Hydrogen sulfide inhibits development of atherosclerosis through up-regulating protein S-nitrosylation

Hydrogen sulfide (H2S) is an important gaseous signaling molecule that serves many important regulatory roles in physiological and pathophysiological conditions. H2S exerts an anti-atherosclerotic effect through mediating the biological functions of nitric oxide (NO). However, its mechanism of action is unclear. The purpose of this study is to explore the effect mechanism of H2S on the development of atherosclerosis with regard to protein S-nitrosylation. A total of 45 male apoE−/− mice were randomly divided into three groups. Atherosclerosis was induced by Western diet (21% fat and 0.15% cholesterol) with/without administration of a H2S donor (NaHS) or an endogenous cystathionine γ-lyase inhibitor (d, l-propargylglycine) for 12 weeks. After 12 weeks, plasma lipid and plasma NO levels were measured. Aortic gross lesion area and histopathological features of aortic lesion were determined. Additionally, the level of S-nitrosylated proteins in vascular smooth muscle cells (VSMCs) was detected using immunofluorescence in aorta. Rat VSMCs were performed in an in vitro experiment. Inducible nitric oxide synthase (iNOS) protein expression, NO generation, protein S-nitrosylation, and cell proliferation and migration were measured. We found that H2S significantly reduced the aortic atherosclerotic lesion area (P = 0.006) and inhibited lipid and macrophage accumulation (P = 0.004, P = 0.002) and VSMC proliferation (P = 0.019) in apoE−/− mice.
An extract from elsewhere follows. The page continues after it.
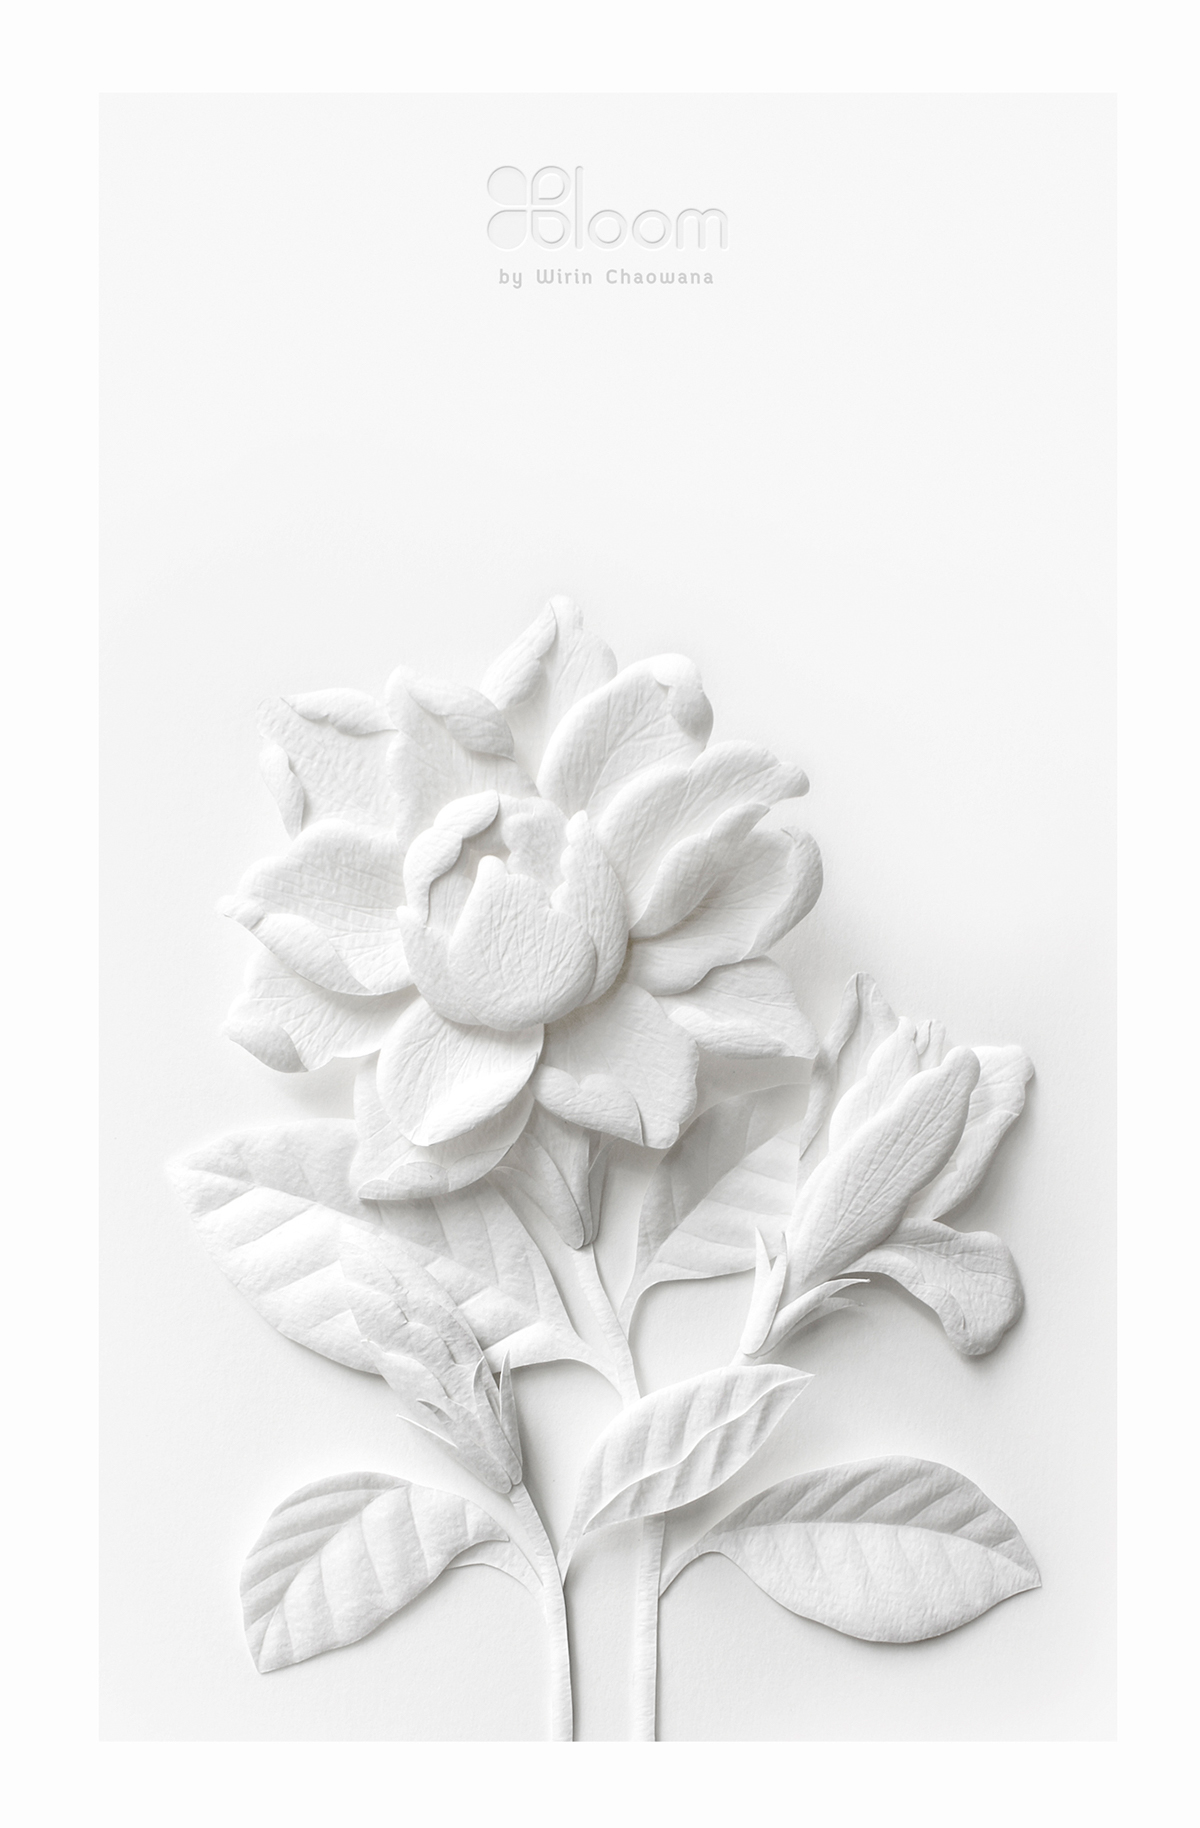 papercraft  papersculpture  paper  white  flower  craft  handmade  Thai  calendar   card  sculpture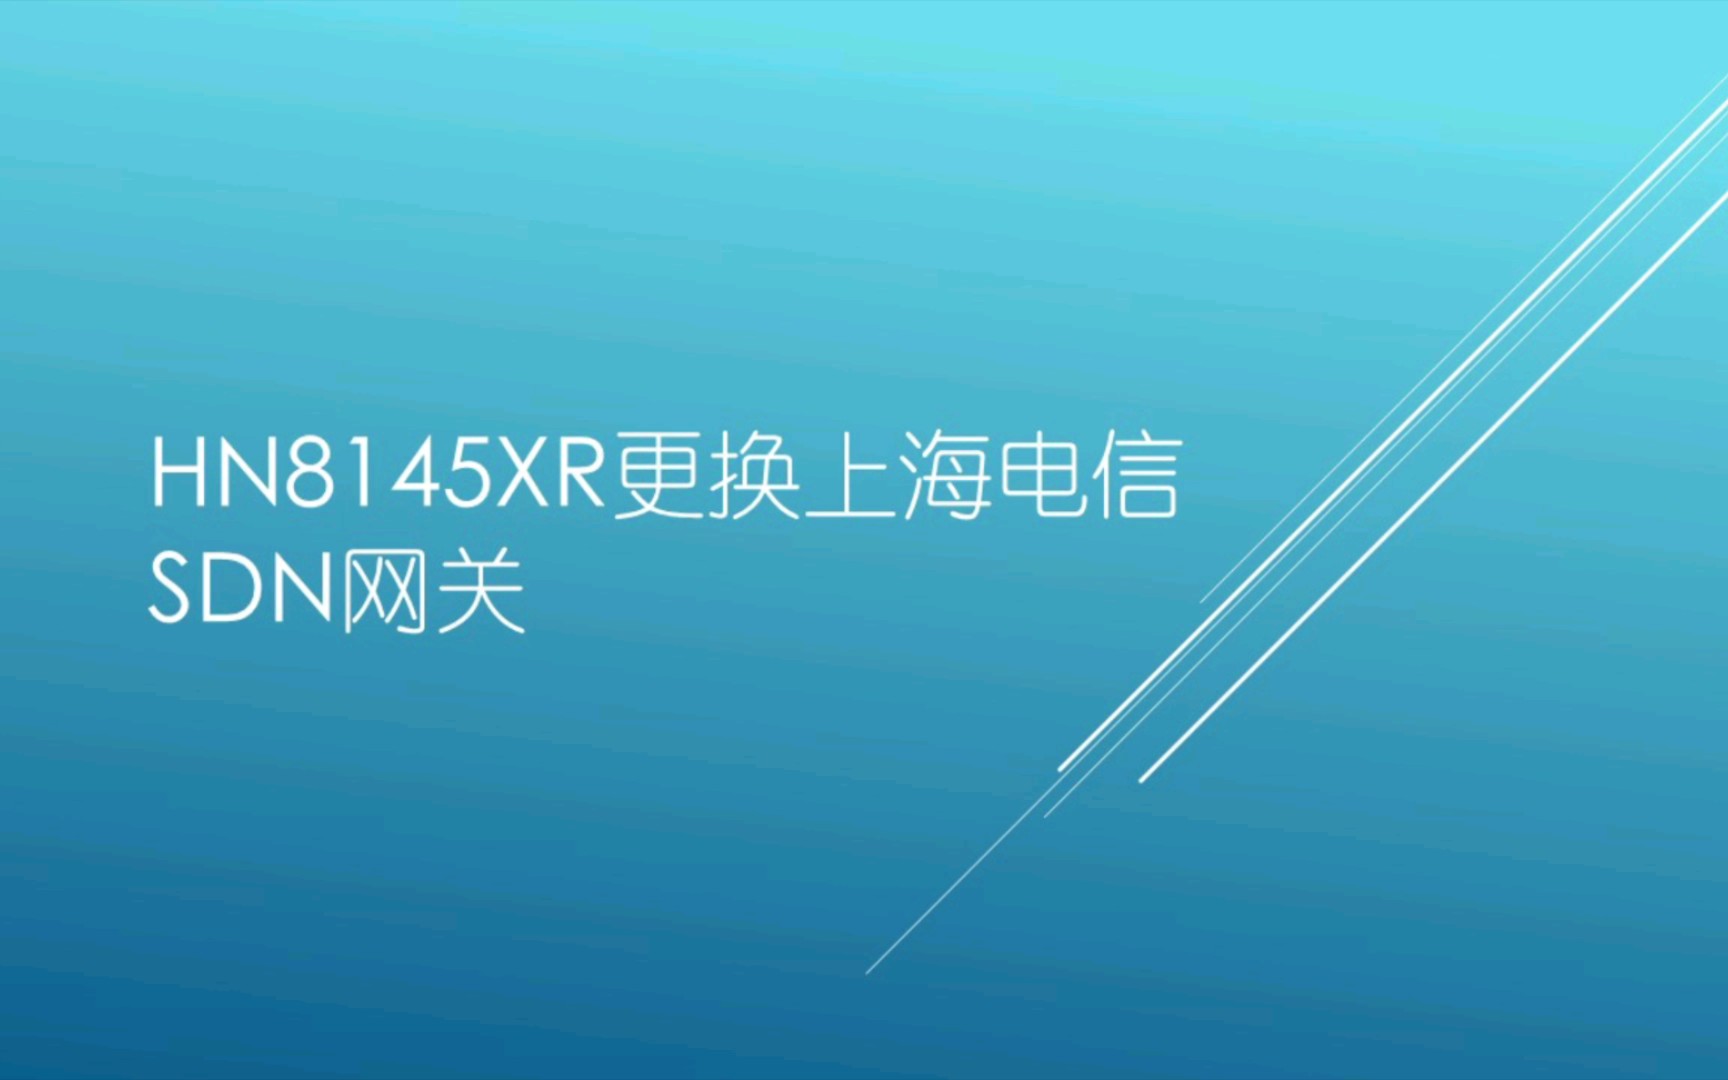 HN8145XR更换上海电信SDN网关问答

H2S could up-regulate levels of plasma NO and protein S-nitrosylation in aorta VSMCs. However, d, l- propargylglycine had the opposite effect, increasing the lesion area and the content of lipids and macrophages in the lesions of apoE−/− mice and down-regulating plasma NO levels and protein S-nitrosylation in aorta VSMCs. In vitro experiments, H2S could significantly reverse the reduction of iNOS expression and NO generation induced by oxidized low-density lipoprotein in VSMCs. Moreover, H2S could increase the protein S-nitrosylation level of VSMCs in a dose-dependent manner, and the effect could be inhibited by iNOS inhibitors. In addition, proliferation and migration of VSMCs could be inhibited by H2S in a dose-dependent manner, which could be blocked by an iNOS inhibitor or protein S-nitrosylation removal agent. Our data suggest that H2S could inhibit the development of atherosclerosis by up-regulating plasma NO and protein S-nitrosylation, thereby inhibiting the proliferation and migration of VSMCs.